1. Cause (why HBase coprocessor)
The most frequently criticized features of HBase as a column family database include the inability to easily create a "two-level index", which makes it difficult to perform sums, counts, and sorts. For example, in an older version of HBase (<0.92), the total number of rows in the statistics table needs to be done using the counter method to execute a mapreduce job. Although HBase integrates mapreduce in the data storage layer, it can be used effectively for distributed computing of data tables. In many cases, however, when you do some simple addition or aggregation calculations, if you place the calculation directly on the server side, you can reduce communication overhead to achieve a good performance boost. HBase then introduced a coprocessor (coprocessors) after 0.92 to achieve some exciting new features: the ability to easily build two indexes, complex filters (predicate pushes), and access control. 2. Source of inspiration (source of inspration)
The HBase coprocessor is inspired by Jeff Dean's 09-year speech (p66-67). It implements a coprocessor similar to bigtable based on this presentation, which includes the following features: Any child table of a table server can run a high-level invocation interface of the code client (the client has direct access to the row address of the data table, and multi-line reads and writes are automatically fragmented into multiple parallel RPC calls) providing a very flexible, The data model that can be used to build a distributed service can automate scaling, load balancing, and application request routing HBase's coprocessor is inspired by bigtable, but the implementation details are different. HBase establishes a framework that provides the user with a class library and runtime environment so that their code can be processed on HBase region server and master. 3. Detail Analysis (Implementation)
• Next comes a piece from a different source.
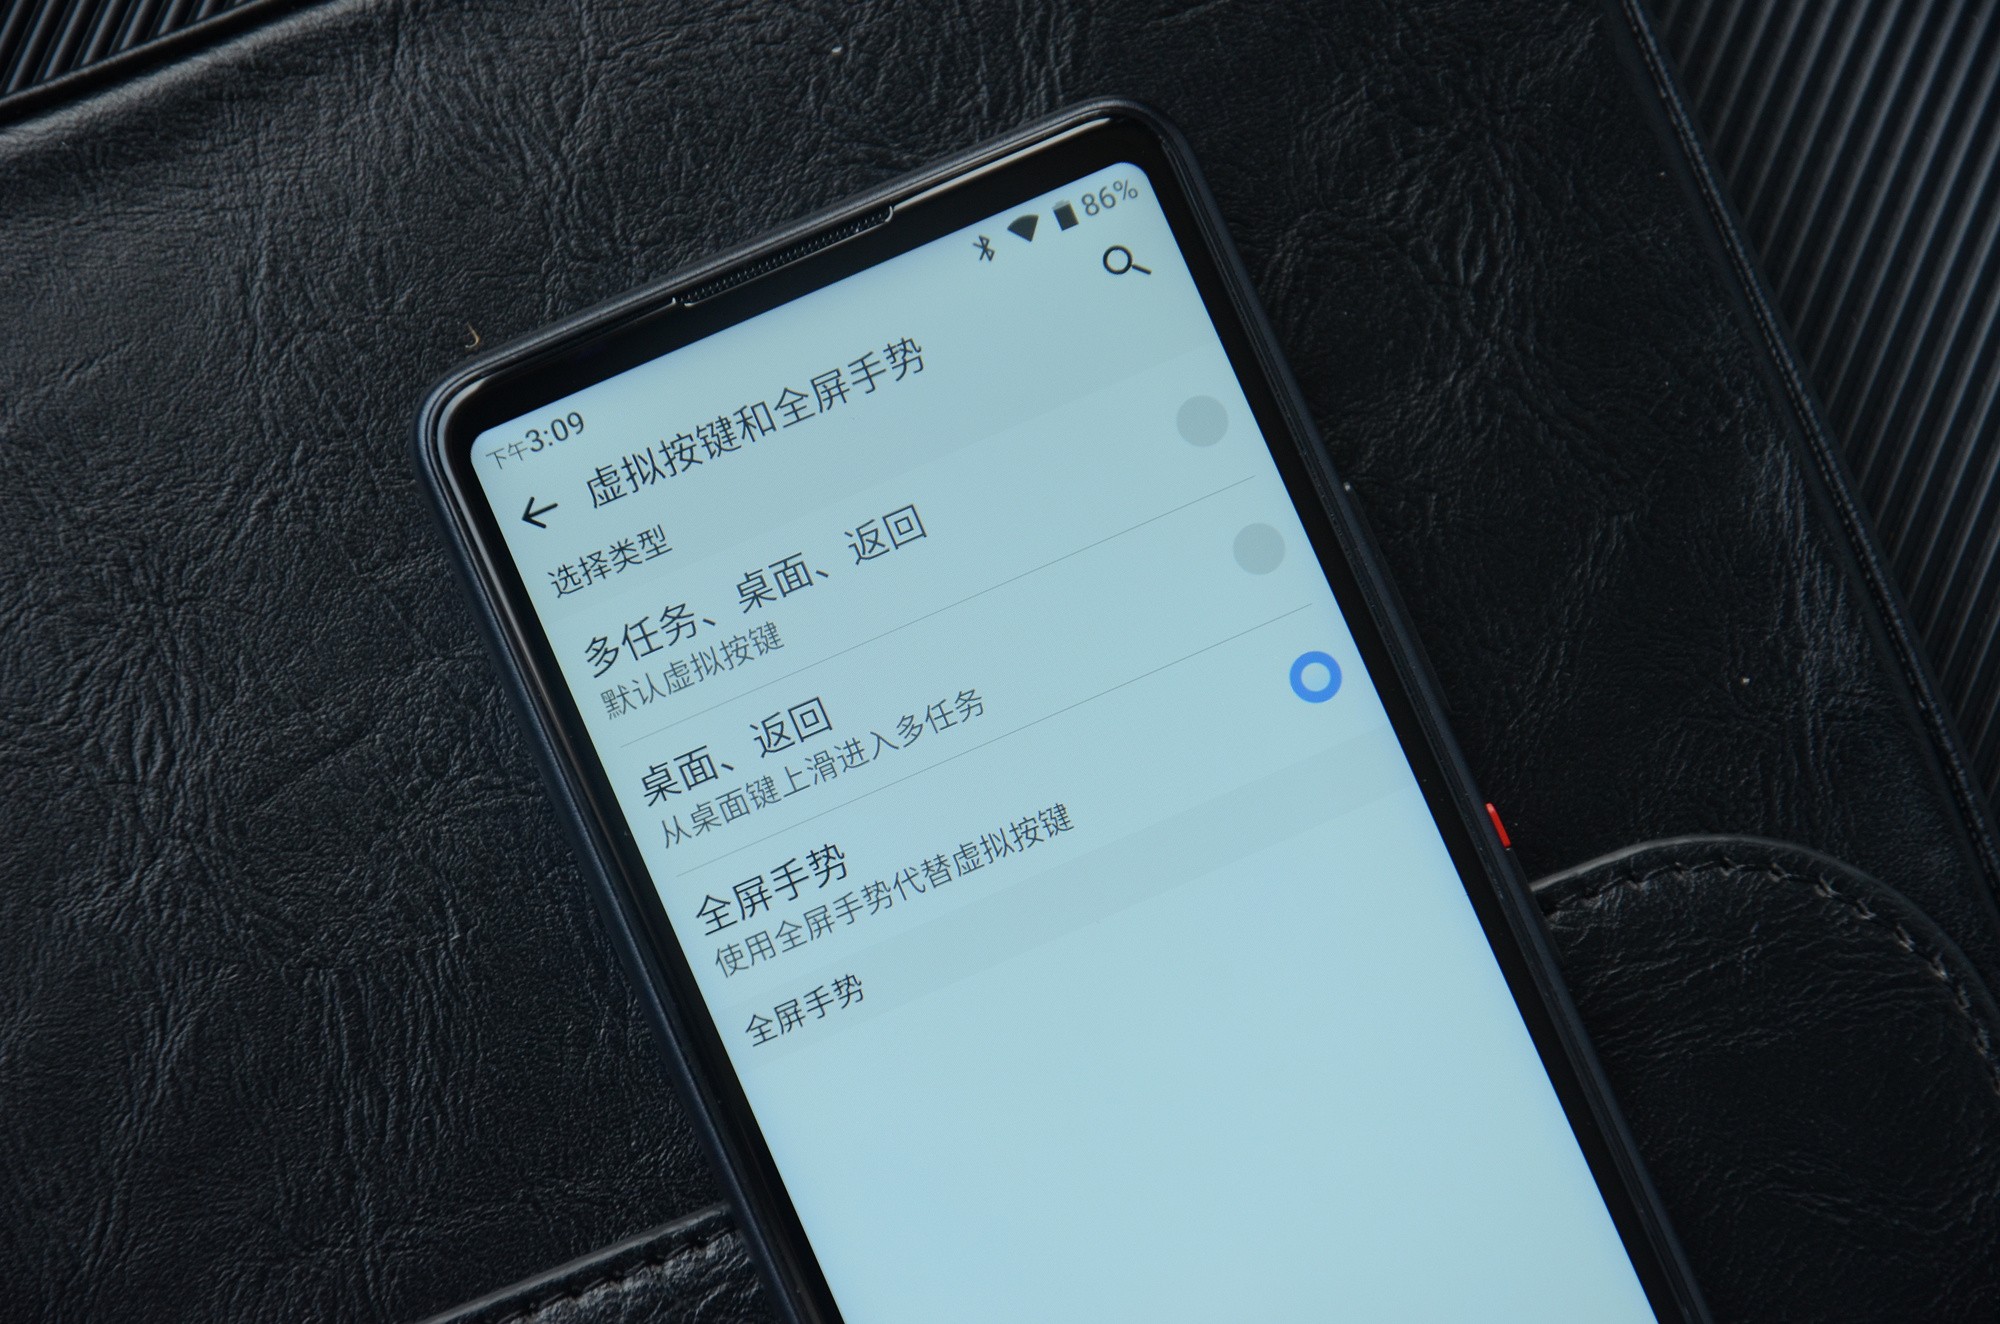 Xiaomi showed the simplest Qin 2 smartphone without a selfie camera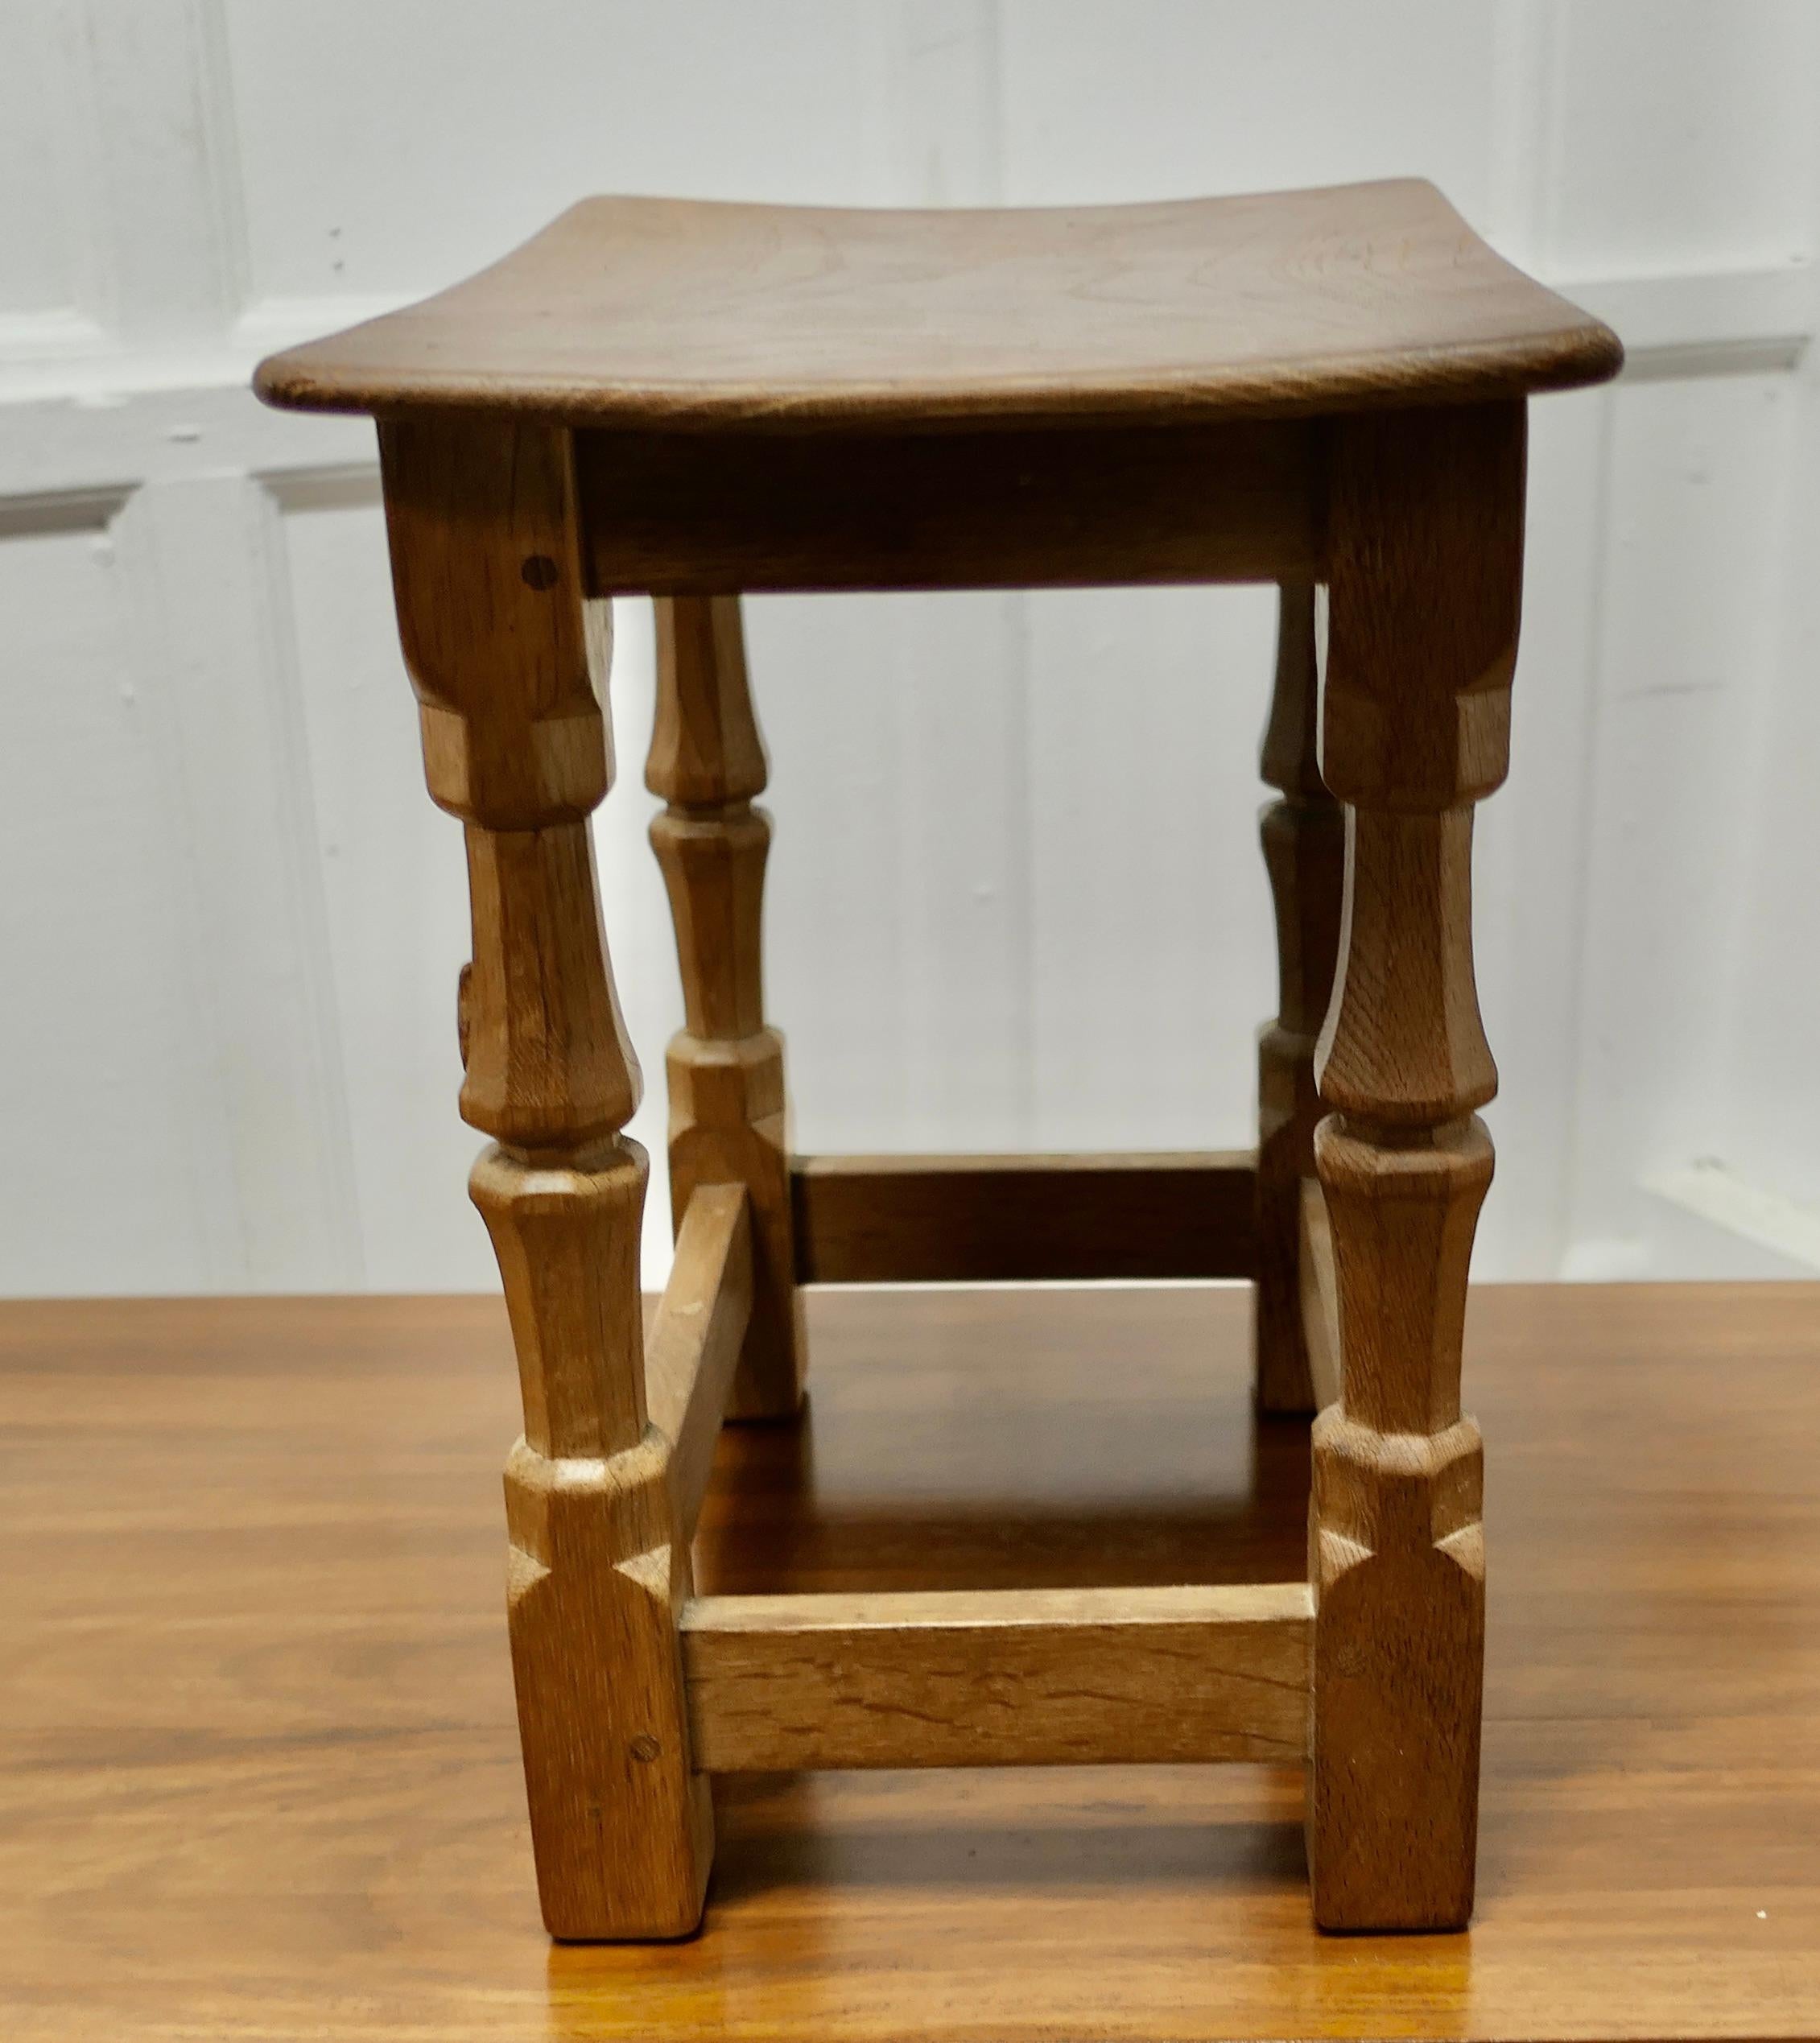 Mid-20th Century Squirrelman Oak Dish Top Adzed Stool by Wilf Hutchinson  Squirrelman Joint Stool For Sale

There are two types of coprocessor, the system coprocessor can globally import all data tables on region server, and the table coprocessor is the user can specify a table to use the coprocessor. The coprocessor framework provides two different aspects of plug-ins to better support the flexibility of its behavior. One is the Watcher (Observer), a trigger similar to a relational database. The other is the terminal (endpoint), the dynamic terminal is a bit like a stored procedure. 3.1 observers (Observer)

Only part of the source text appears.